The dappled shade cast by your chosen trees will offer sufficient light for a collection of shade-loving plants. When choosing underplanting for your plan, look for a selection of plants that will provide year-round interest. 

Adding Height and Privacy 

Any tree will add height to a garden, but to give a more contoured effect, underplant it with shade-tolerant shrubs. Trees’ imposing stature can be deployed to great effect in a city garden overlooked by many windows. Use species with airy canopies to shield a seating area; plant them close to the space that needs extra privacy, rather than on the boundary where taller trees will be needed to mask upstairs windows.
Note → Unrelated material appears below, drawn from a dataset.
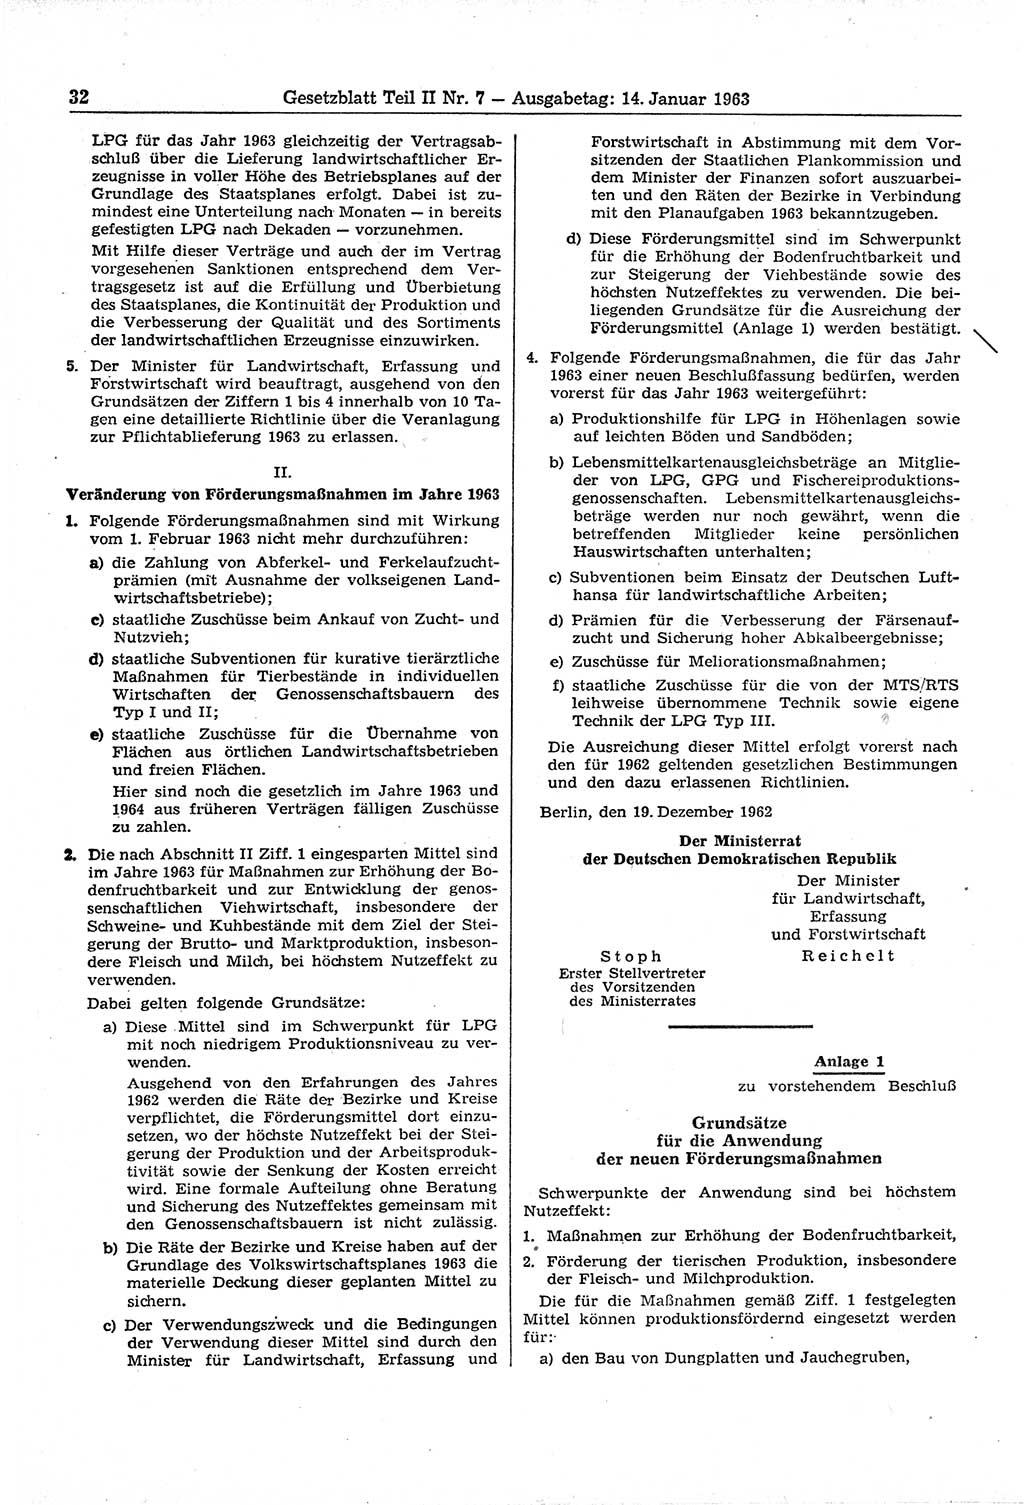 Gesetzblatt (GBl.) der Deutschen Demokratischen Republik (DDR) Teil ⅠⅠ 1963, Seite 32 (GBl. DDR ⅠⅠ 1963, S. 32)

Alternatively, plant a wall of pleached trees, which form a line of clear, stiltlike stems topped by a screen of leafy branches just above head height.

Using Trees as Focal Points

When selecting a tree for a focal point, opt for a year-round star performer.

Choose a cherry or crabapple that will be covered with delicate blossoms in the spring, provide a leafy canopy in the summer, and put on a finale of blazing colors and shining fruits in the fall.

Alternatively, in a modern or formal garden, you could opt for a shapely evergreen or a smart topiary specimen. Site your tree in the center of a lawn, at the end of a pathway, or in a border to punctuate a corner or curve in the design, and use small trees in pots to make an impact on a patio or in a courtyard garden. 

Framing Features

A long, tree-lined lane makes an impressive entrance, and a similar effect is possible in a small garden with fewer trees and a little pruning and training. Plant six to ten trees on either side of a pathway, and train their stems on frames to form arches of foliage. Use the same technique with a pair of matching trees to create a decorative arbor over a seat.

Providing Color and Texture

Before buying trees for color effects, look for those that offer more than one decorative feature. Spring blooms have instant appeal but last just a few weeks, while the deep red bark of a Prunus serrula or stunning white birch trunks provide color all year. If flowers are your  passion, include a few different species, such as a cherry and the early summer blooms of Cornus kousa, to extend the display.

Plenty of good tree choices are available for fall color, prolonging the season of interest into early winter when the fallen leaves carpet the ground. Textures also add an extra dimension to planting designs; consider the pleated foliage of hornbeams or the spiky needles of pines and other conifers.